The Gauss-Seidel method for solving the Laplace equation is the first one. This example illustrates the use of the language in the field of high performance scientific computing. It also shows how the Templet simulation runtime can help to predict program performance without an explicit mathematical model or parallel execution. An example from the field of linear algebra is the second one. This is an illustration of distributed matrix multiplication algorithm. It shows that the Templet implementation of the actor model is well suited both for shared and distributed parallel architectures. The business process model example is the third one. The Templet DSL can be used to model and analyze concurrency in non-technical systems, for example, in the area of business process modeling. We studied a business scenario written in a human language and composed a formal specification for the scenario in the Templet language. The static type analysis, debugging, and testing of the program were used to verify the correctness of the specification. In particular, we compared programmatically generated event sequences with expected sequences for the studied business process. This example illustrates that in our approach much of model verification is done by C++ compiler and the Templet runtime.
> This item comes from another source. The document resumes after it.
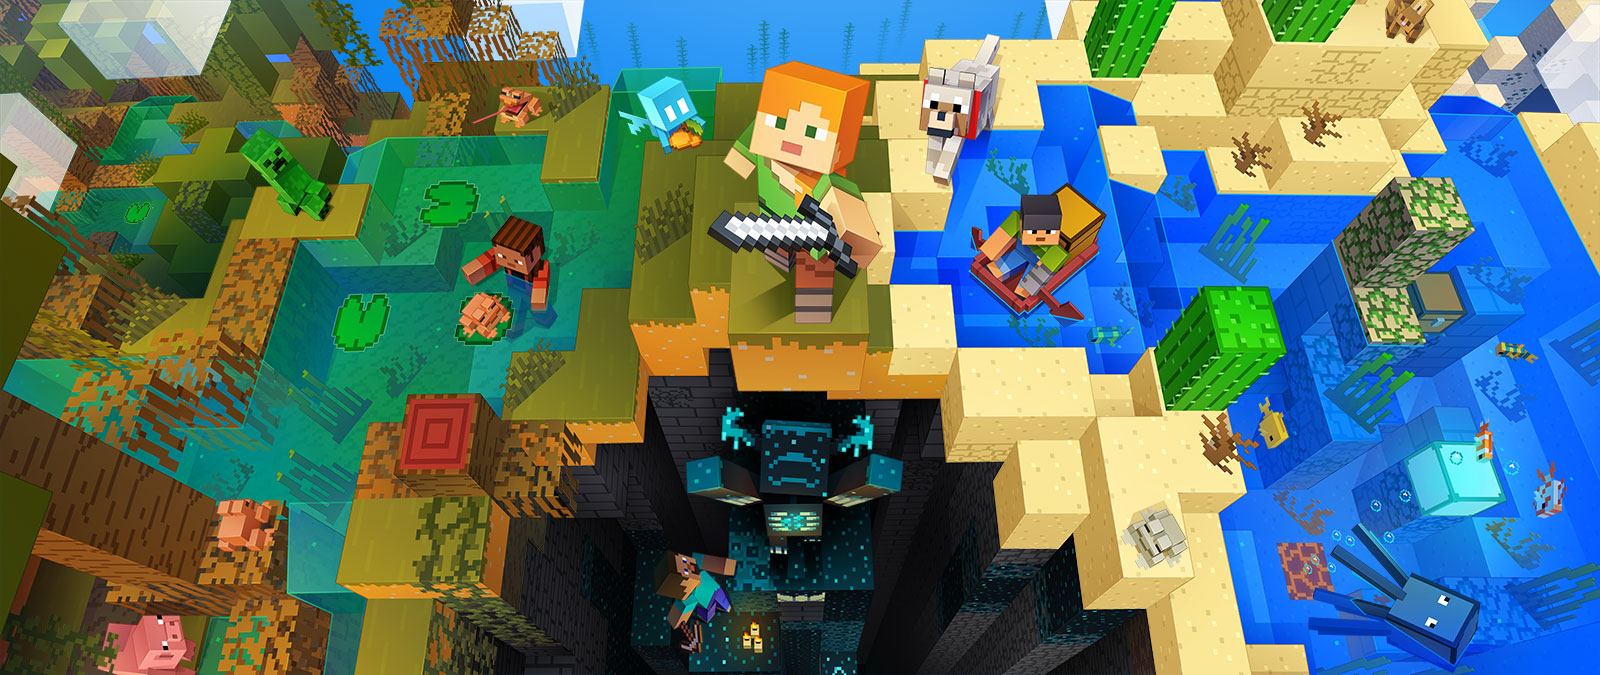 Персонажи из видеоигры Minecraft, занимающиеся различными видами деятельности в Minecraft

The experimental implementation of the domain-specific language toolkit showed the following benefits of our approach.

Additional language constructions are not required to explain the meaning of an algorithm with concurrent control. This is similar to approach based on object-oriented libraries STL [ 7 ], TBB [ 8 ], CCR [ 9 ], Boost [ 10 ], and others. However, the markup and preprocessing technique reduces the amount of manual coding.
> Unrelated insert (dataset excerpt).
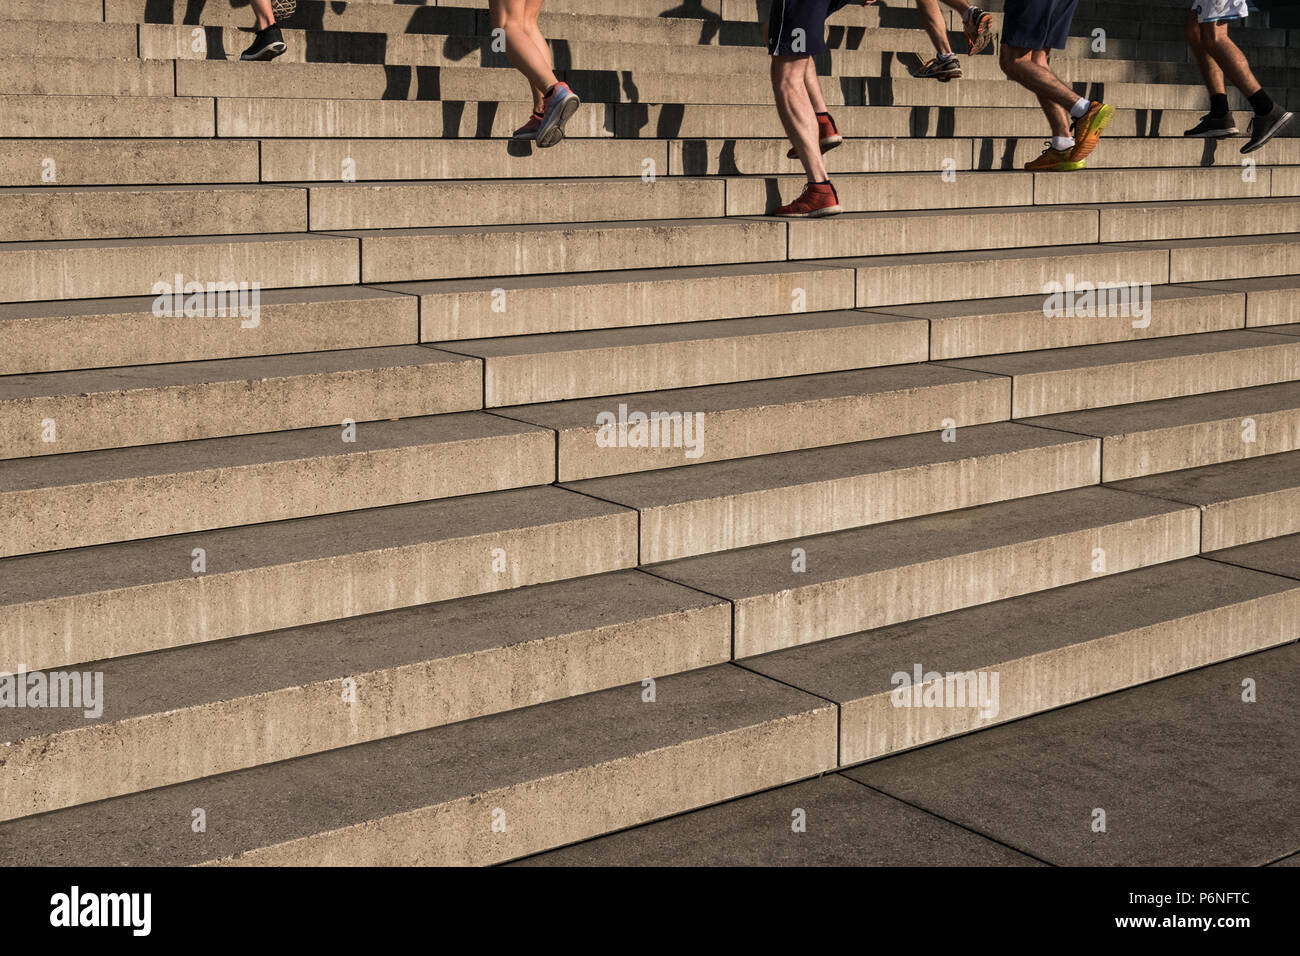 Gruppe von Jogger laufen nach oben Treppen - Fitness im Freien Stockfoto

More reliable protection against programming errors is provided. This feature is compatible with modern concurrent programming languages Go [ 11 ], Occam [ 12 ], Limbo [ 13 ], Erlang [ 14 ], and some others. Static type checking in the C++ language helps to prevent incorrect connection of message source and message recipient. Semantic checking can also be implemented at the preprocessor level. For example, the Templet preprocessor can check the attainability of a state in the communication protocol for channels and the possibility to call a method for processes. The check can also be carried out during the program execution: if pair of processes does not perform a prescribed messaging protocol, calculations will stop.

Behavior of the Templet program can be investigated in more detail by means of problem-oriented debugger. The mapping algorithm can add code to provide information to the debugger. The performance prediction of a parallel program is also possible. Discrete event simulation library can easily replace standard execution mechanism for the performance analysis.

The markup language is a mean of skeleton programming and code reuse [ 15, 16 ]. One can design a universal skeleton for programs with similar control flow and adapt it to specific applications. The adaptation is made by changing C++ code of message variables and handlers. This technique is useful for programming multi-core and many-core systems [ 17, 18 ].

The markup language defines concurrent execution with sequential code. A number of well-known [ 19,2 0 ] and experimental [ 21, 22 ] tools for defining iterative or recursive parallelism are based on markup. We adopted the same method for an actor model of parallel execution.

The DSL language can be applied to different general-purpose programming languages. It is compatible with a number of modern industrial process control software development technologies [ 23, 24 ]. 7

Our research shows a practical interest of the DSL-based approach for parallel actororiented programming. We got a fully working but relatively compact implementation of the actor language. This implementation had been deployed online as a part of the web service TempletWeb (http://template.ssau.ru/templet).

The research was supported by the Ministry of Education and Science of the Russian Federation within the framework of the Program designed to increase the competitiveness of Samara National Research University among the world's leading scientific and educational centers over the period from 2013 till 2020. This work was partially supported by the RFBR grant 15-08-05934 A.